2. Ask the Tough Questions
If you don’t like what you see – disengaged, distracted team members, lack of meaningful interaction, lack of accountability to results, or more, — it’s time to get real and ask yourself the hard questions. Understanding your role in the problem is key to making meaningful changes. Here are some questions you can begin with:
- Does my group meet all the criteria Lencioni lays out for a high-performing team? Why or why not?
- Does my team trust me? Does my team trust each other? How do I know?
- Am I demonstrating leadership?
- Have I provided ample opportunity for each team member to express commitment to the team?
- Have I established a shared purpose and set of goals to which every individual contributes and is accountable?
- Am I leveraging digital communications to my advantage, or am I letting it be an impediment?
- Is there a better way to connect with my team?
- Have I talked with my team about the best ways to work together given our digital-first world?
- Have I engaged my team in the solutions?
- Is there anything I am not seeing?
Once you figure out the answer to those questions, you can take the steps necessary to correct any issues and boost team performance.
3. Engage Your Team in the Solution
If your team is performing more like the Cleveland Browns than the New England Patriots, chances are they’ve noticed. They’re looking for ways to make things better, too. Sharing your observations with your team is a great way to start the dialogue, gauge commitment and ensure each team member plays a role in the solution.
4. Develop a Playbook to Build Relationships
Tom Brady was known for his close relationships with Rob Gronkowski and Julian Edelman, as well as Patriots’ coach Bill Belichick. These relationships were critical to the team’s success. But great relationships in a digital-first world don’t always happen naturally.
In “Office Optional: How to Build a Connected Culture with Virtual Teams,” our co-founder and president Larry English says, “Building relationships over virtual channels requires vulnerability, bringing your whole self to work, taking time to foster personal connections, and knowing how to resolve conflict when it arises.”
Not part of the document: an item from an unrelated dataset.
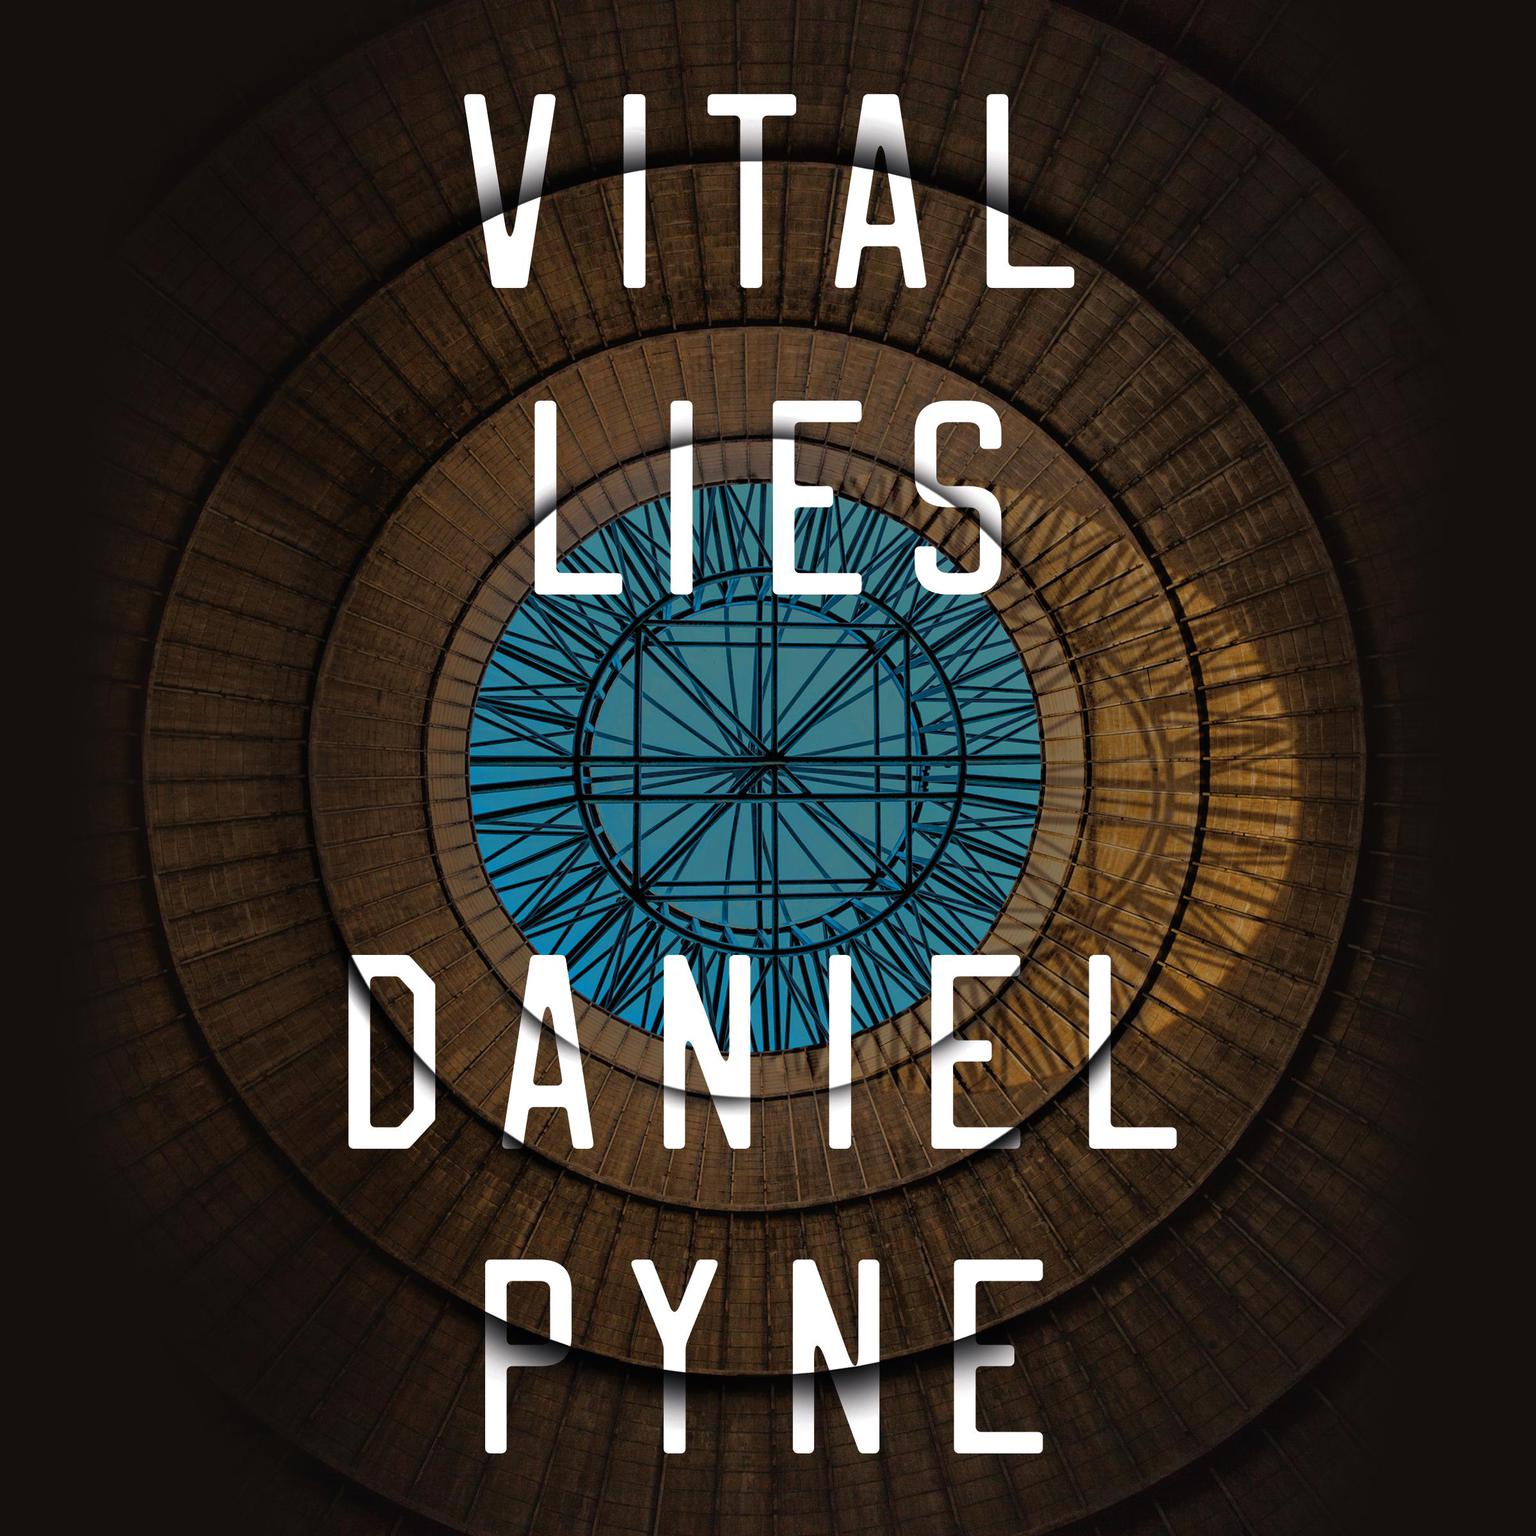 Vital Lies Audiobook, by Daniel Pyne

There are volumes of books and articles about building relationships to find your own set of plays to build those critical team bonds and chemistry.
5. Keep Score
Dynasty teams don’t play hard for four quarters and walk off the field without looking at the scoreboard. High-performing teams know exactly where they stand at all times. Further, they watch the game film repeatedly to understand what they did well and where they need to improve.
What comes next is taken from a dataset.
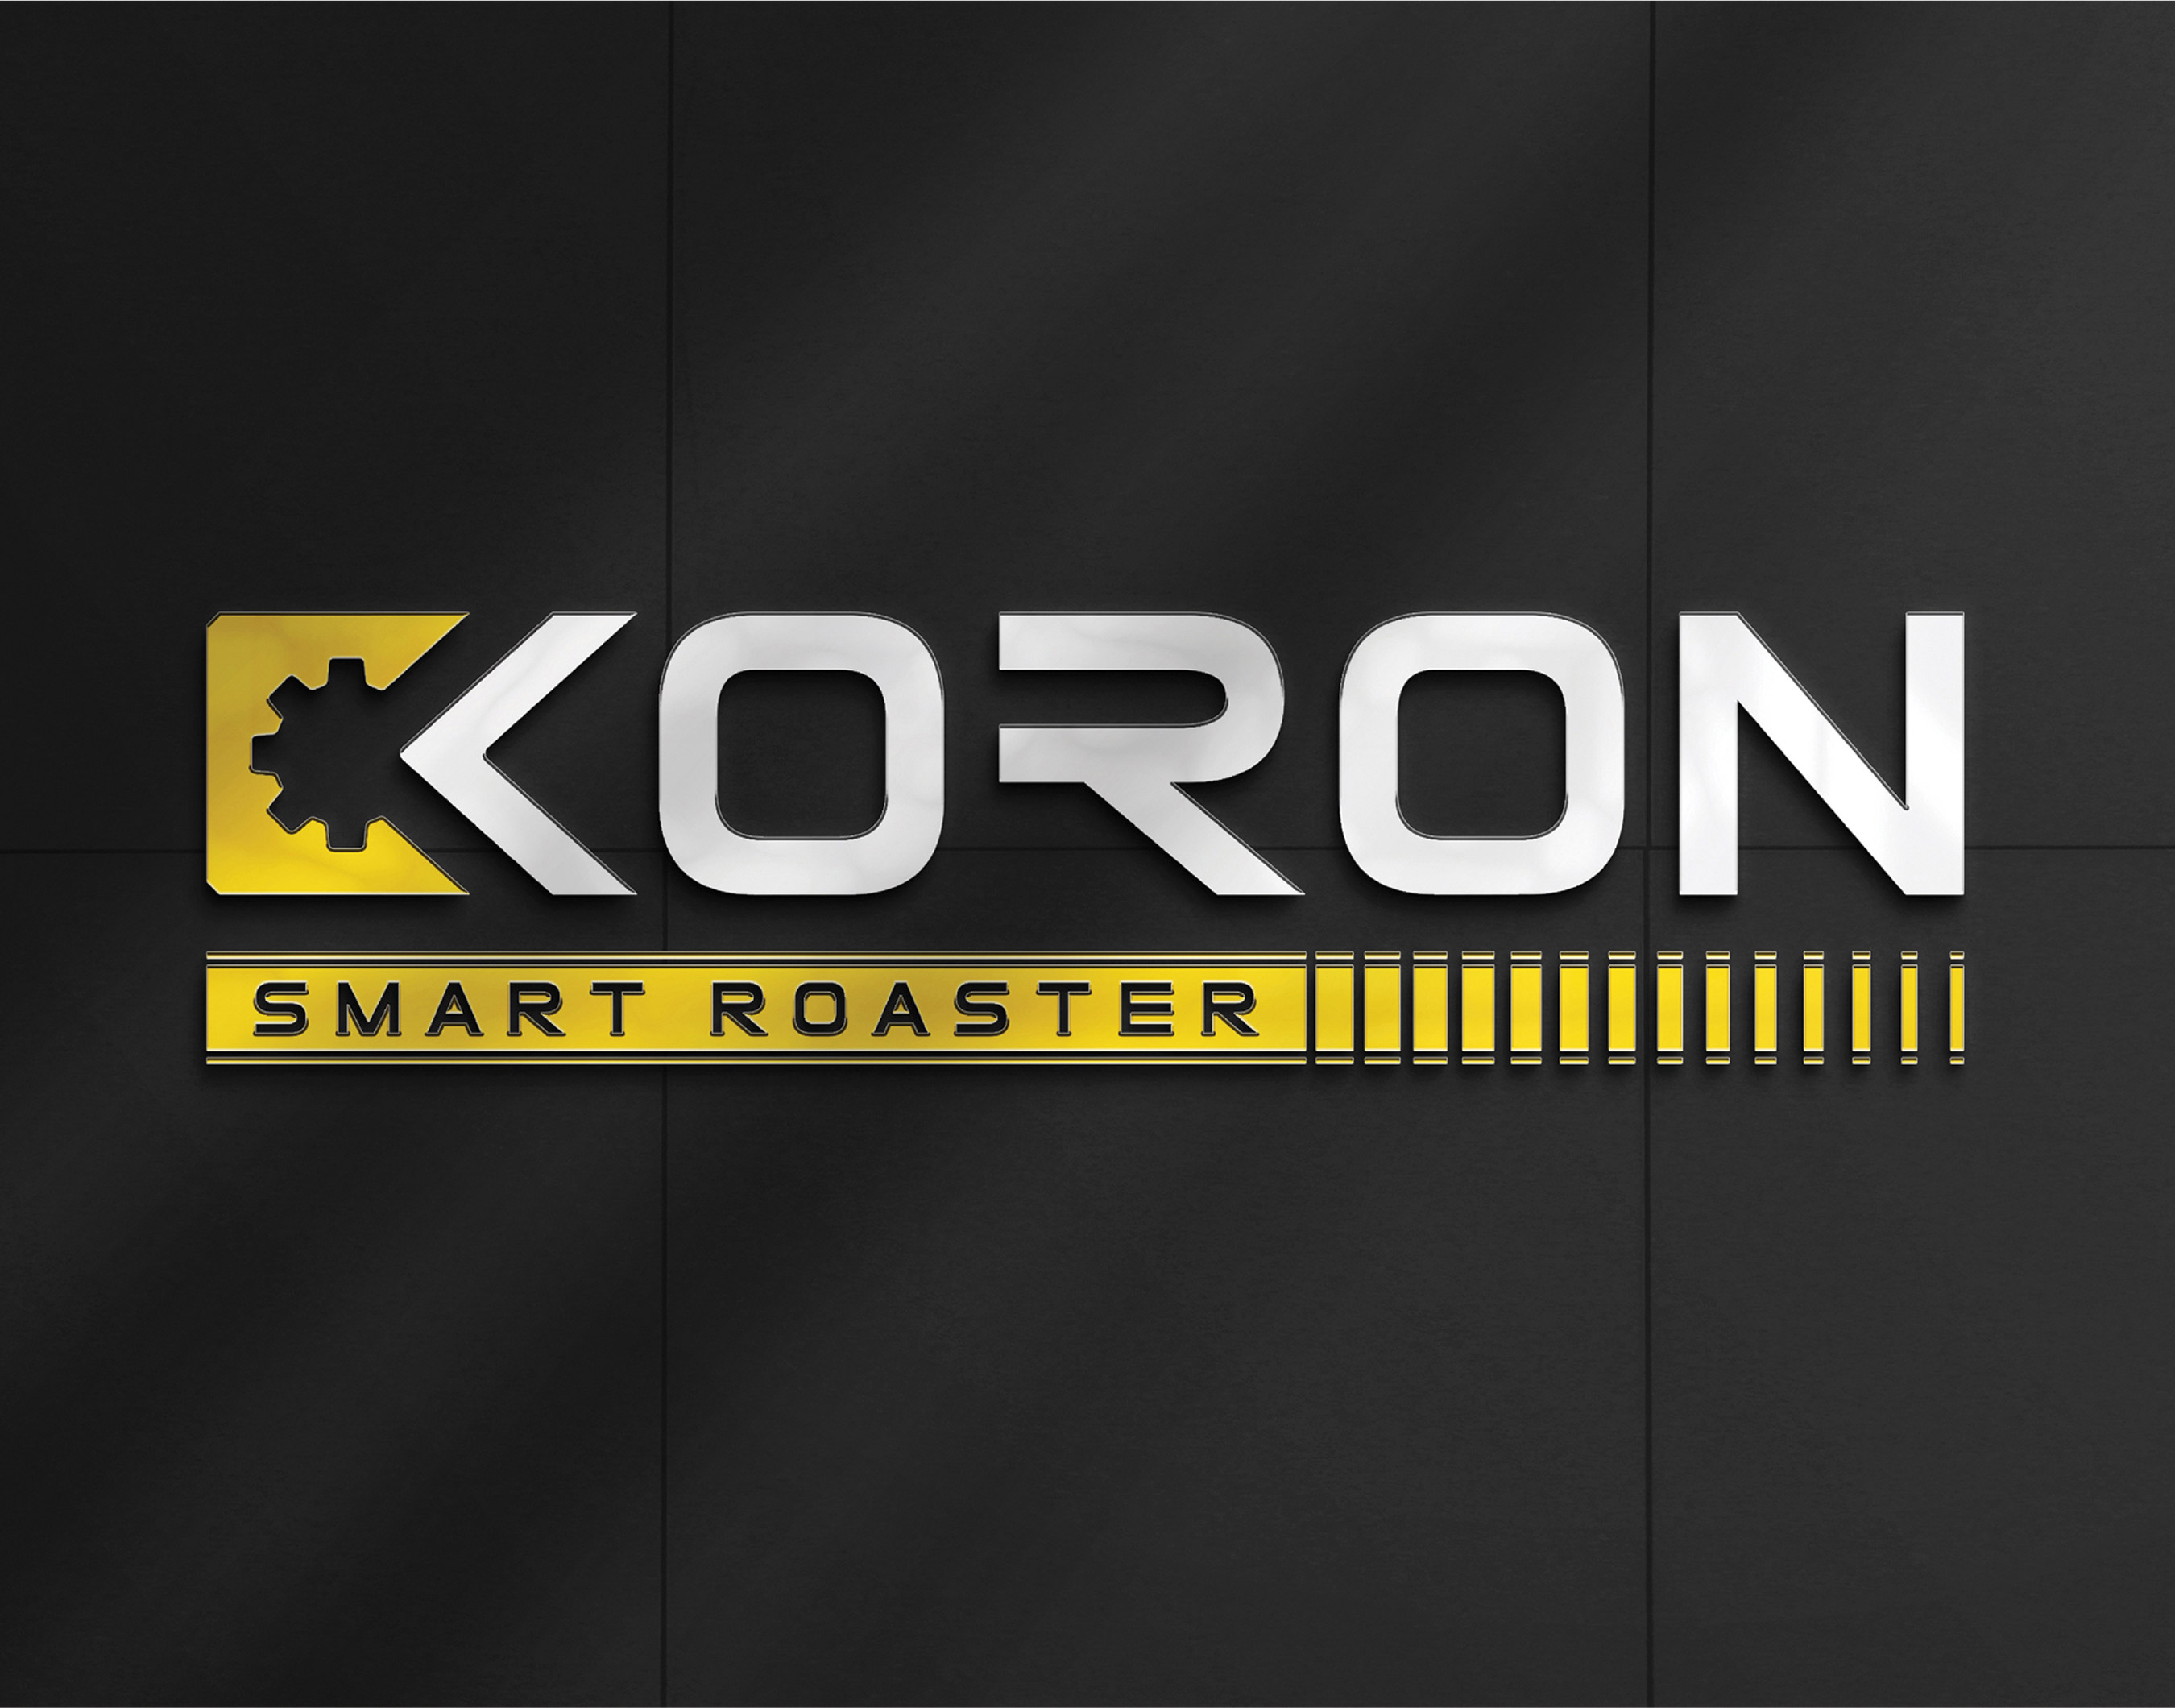 Koron Roaster Brand Guidelines

Your observation efforts can’t be one-and-done if you’re building a consistently high-performing team. It requires long-term, consistent, rigorous commitment. You consistently guarantee your hard work will pay off when you monitor your teams’ interactions, levels of engagement and progress toward high performance.
Conclusion
So here we are, the game tied in the fourth quarter at the two-minute warning, and your team has the ball on third down. You’ve got no timeouts left and one more opportunity to score a touchdown, and you’re too far from the end zone to kick a field goal. Will your team come together as Patriots, trust each other in the clutch, or turn the ball over and give the other team a shot at victory?